Thank you so much! I’ll let you know how it turns out. 🙂
I’ve been using this recipe with success, however, the last time I used it the tops were so sticky and I had a little accident with one layer after torting it – I made the mistake of laying the sticky side down and then it stuck to the foil where I laid it while I filled the other layers.
I’ve always torted this cake and the tops have never been this sticky. What do you think made it sticky? I have to make a wedding cake and would like to use this recipe again but would like to avoid the stickiness.
Hi Ana. If you refrigerate the cake before torting, the crust on the top can get a bit sticky. Especially if it was wrapped while still warm. What I do is unwrap the cake and peel off the sticky layer on top. Next time, if it sticks to the foil just put it in the refrigerator and let it get cold. Take it out and flip it over so the foil is on top. It should be easy to peel away the foil before flipping it back over. Since this cake gets firm when chilled (because of the butter) it’s super easy to handle when it’s cold. Also, I always use parchment paper instead of foil because it’s less sticky. Good luck and let me know if you have any other questions. Eileen
Hi thanks for your response. I froze the cake and the foil was just the outer layer that I happened to place the cake on after torting it. To freeze I wrap in plastic wrap and then again in foil.
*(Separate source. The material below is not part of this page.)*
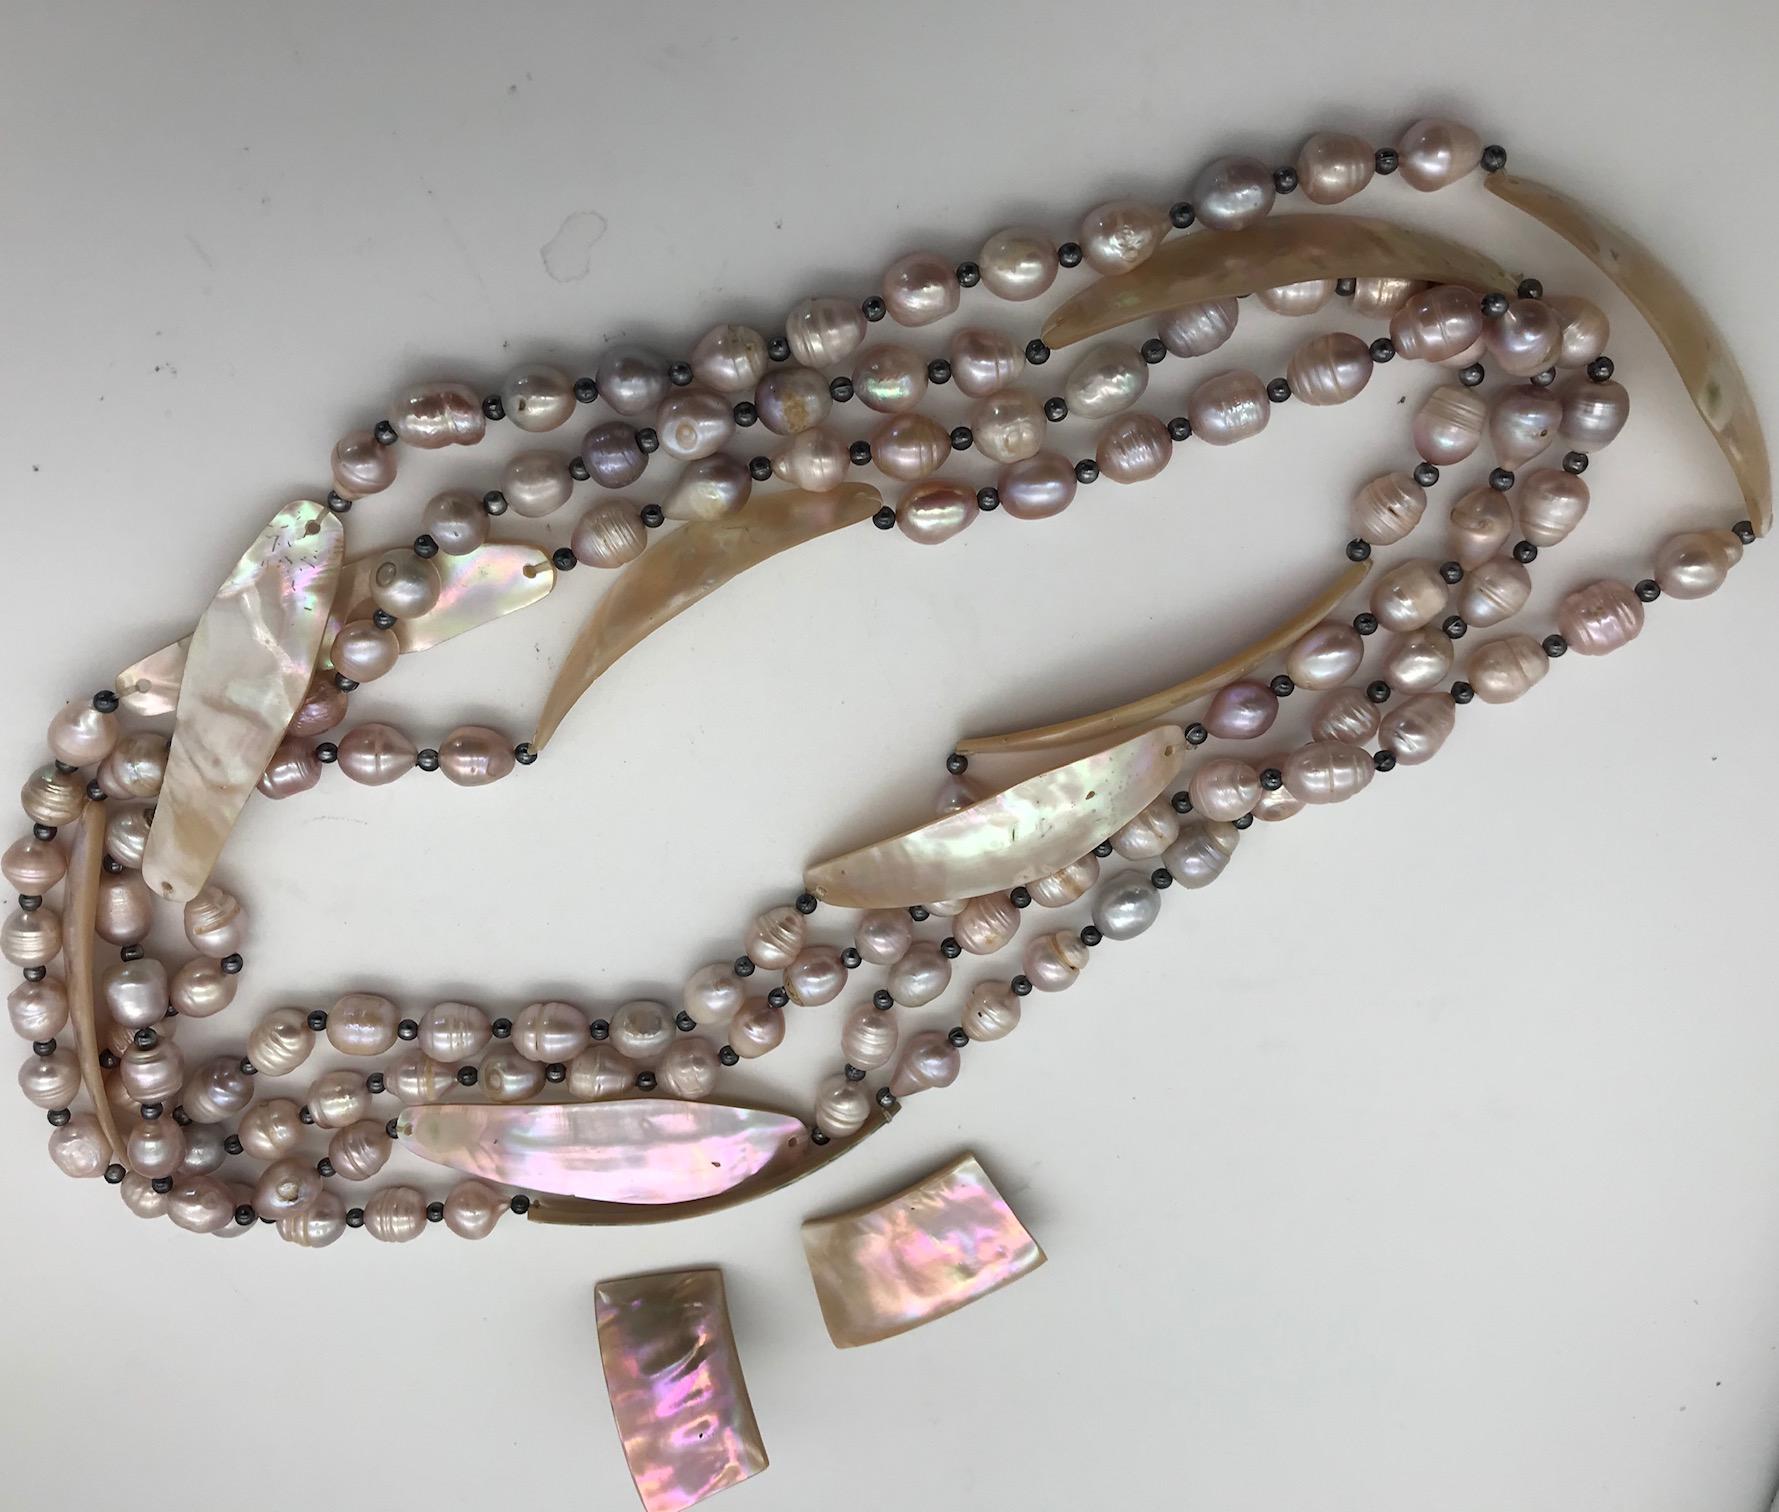 2 Large Pink Pearl Necklaces with Pink French Deco nacre pieces and matching clip Earrings. The pink  nacre used in design of this Necklace is no longer possible to find, due to disappearance of a large Turbo snails. The pearls are exceptionally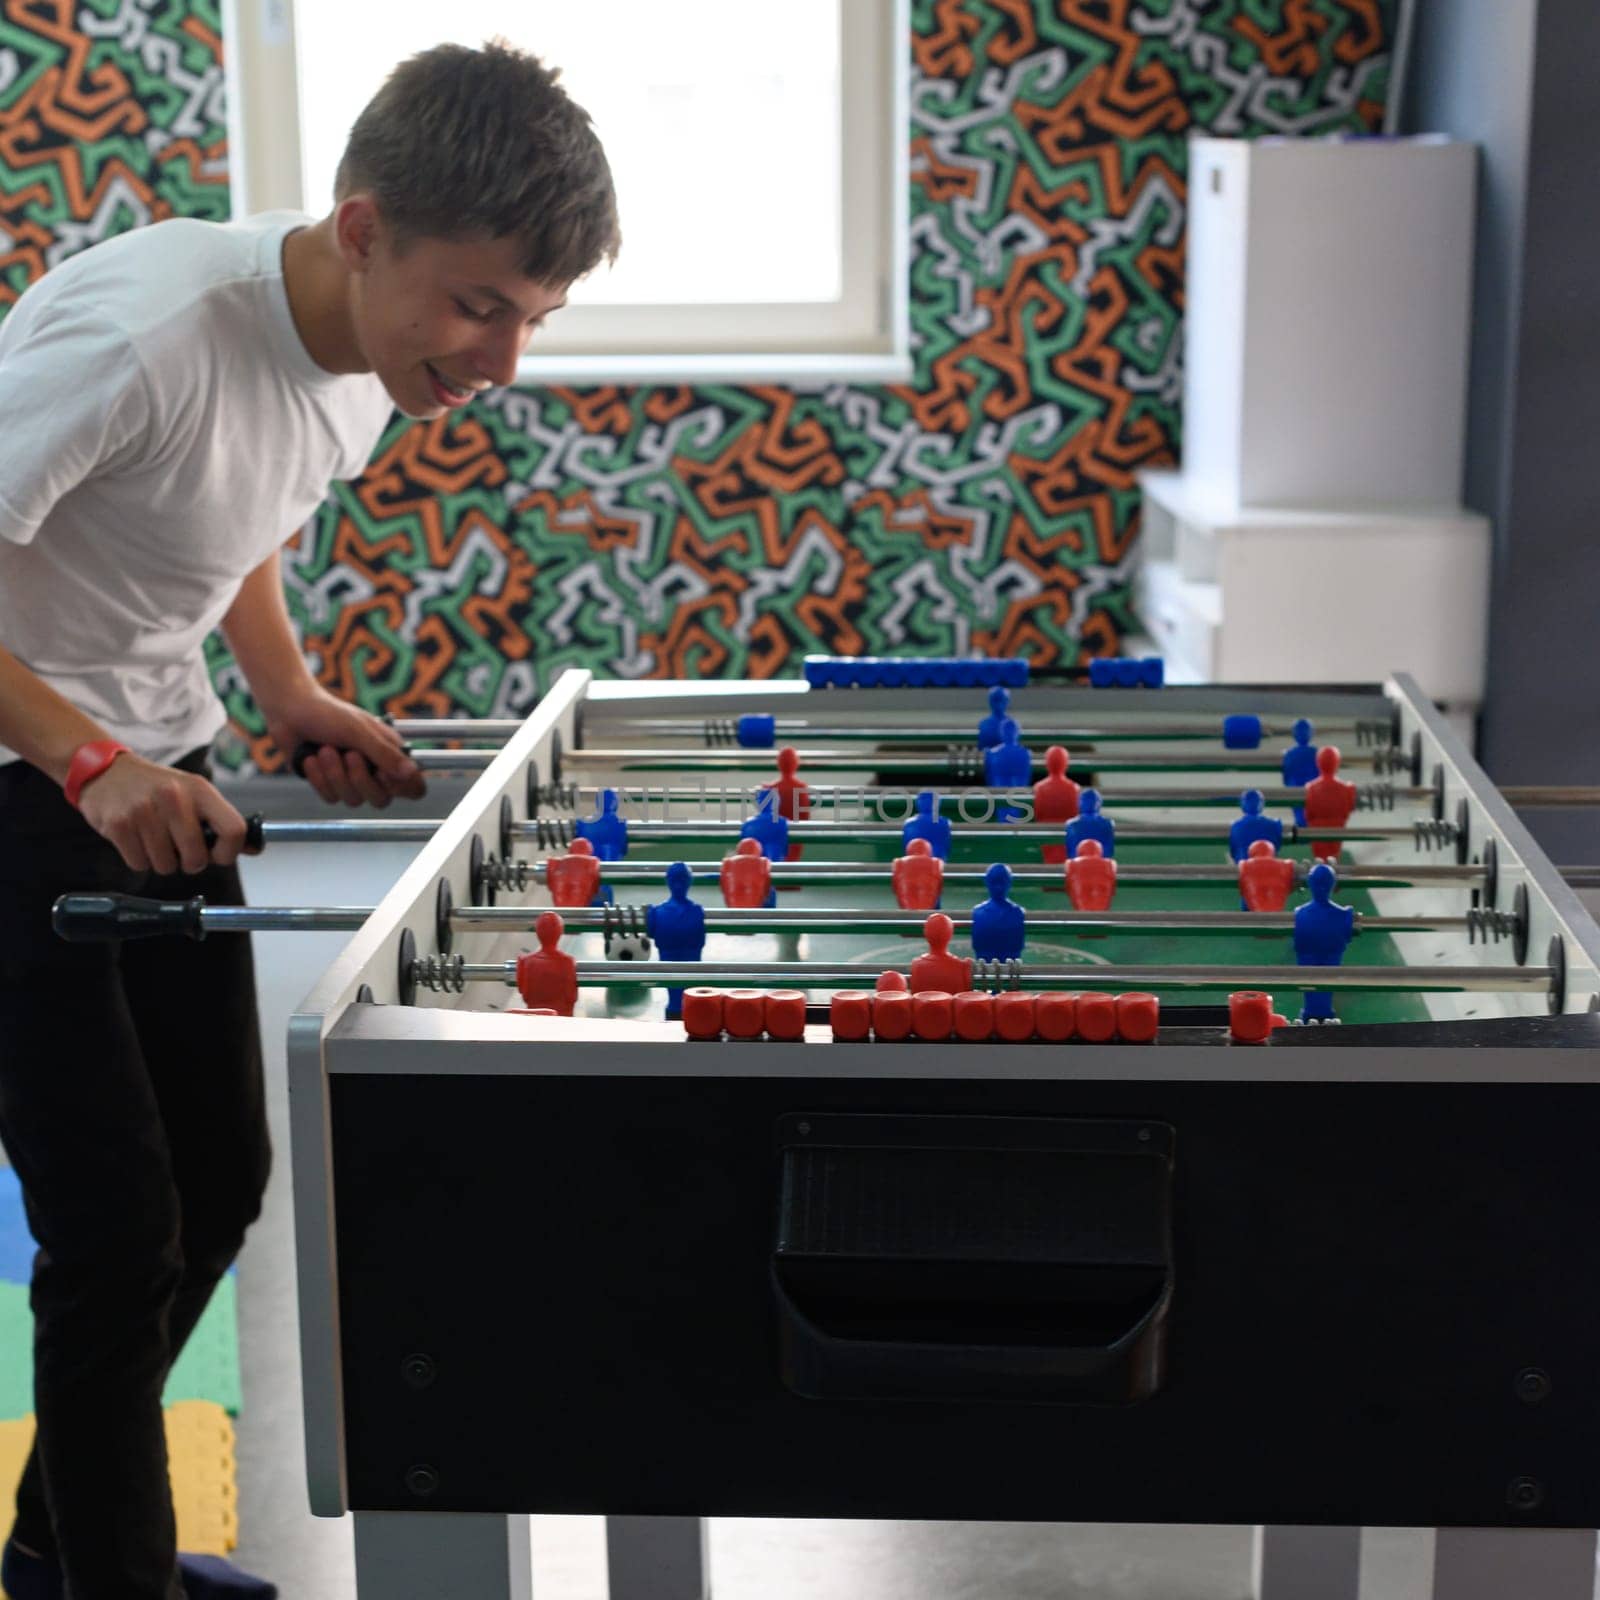 Active recreation in the game room, children play table football. by Niko_Cingaryuk

Do you think I should let it cool completely before wrapping and freezing so it’s not as sticky?
I do think if you let the cake cool completely it will stick less. But I never mind when the outside sticks because I trim that off anyway. Personally, I don’t like the brown crusty part in the cake. When the outside sticks I just peel it off with the plastic wrap. Have you looked at this post? You can see detailed photos of how I trim and assemble the cake. Hope that helps.
Awesome – thank you!! Had never really thought of peeling that piece off – will test it out.
Hi Mrs. Coachman – If you’re trying to avoid separating the eggs I would recommend using 5 whole eggs instead of the 6 yolks and 3 whites listed in the recipe. Hope that helps. Let me know how it turns out.
Ok thanks so much!! I will let you know how it turns out I don’t mind the separating process I just noticed there was nothing about the egg amount for (the basic ) and the (reverse method without egg whites) I want to try all of them so will it be 6 whole eggs for the basic method as well? Last question! My favorite texture cake is something moist and velvety which method fits that description best?
The reason the original recipe has more yolks than whites is because the extra yolks give the cake more richness and a more tender crumb. You can use the same proportions and just not whip the whites or you can use all whole eggs (5). To me, I think reverse creaming with whipped whites give the most velvety texture. It’s the way I always mix my cakes. This week I will be publishing a series of “classes” all about cake batter. Each “class” will go into detail about the ingredients in the cake batter and how to change ingredients around to fix the texture of a cake.
O wow!!! Ok that’s sounds great I will be LOOKING out for that video you are so sweet to do that and thanks for the egg and texture tips
They are blog posts, not videos. Here’s a link to the first lesson.
Hello and thanks for taking the time to explain all that wonderful advice I have not used your recipe yet but I’m interested in the reverse method without the whipped egg whites I have a QUESTION regarding the amount of eggs would I just use 6 eggs? Or do I use 9 in replace of the 3 egg whites?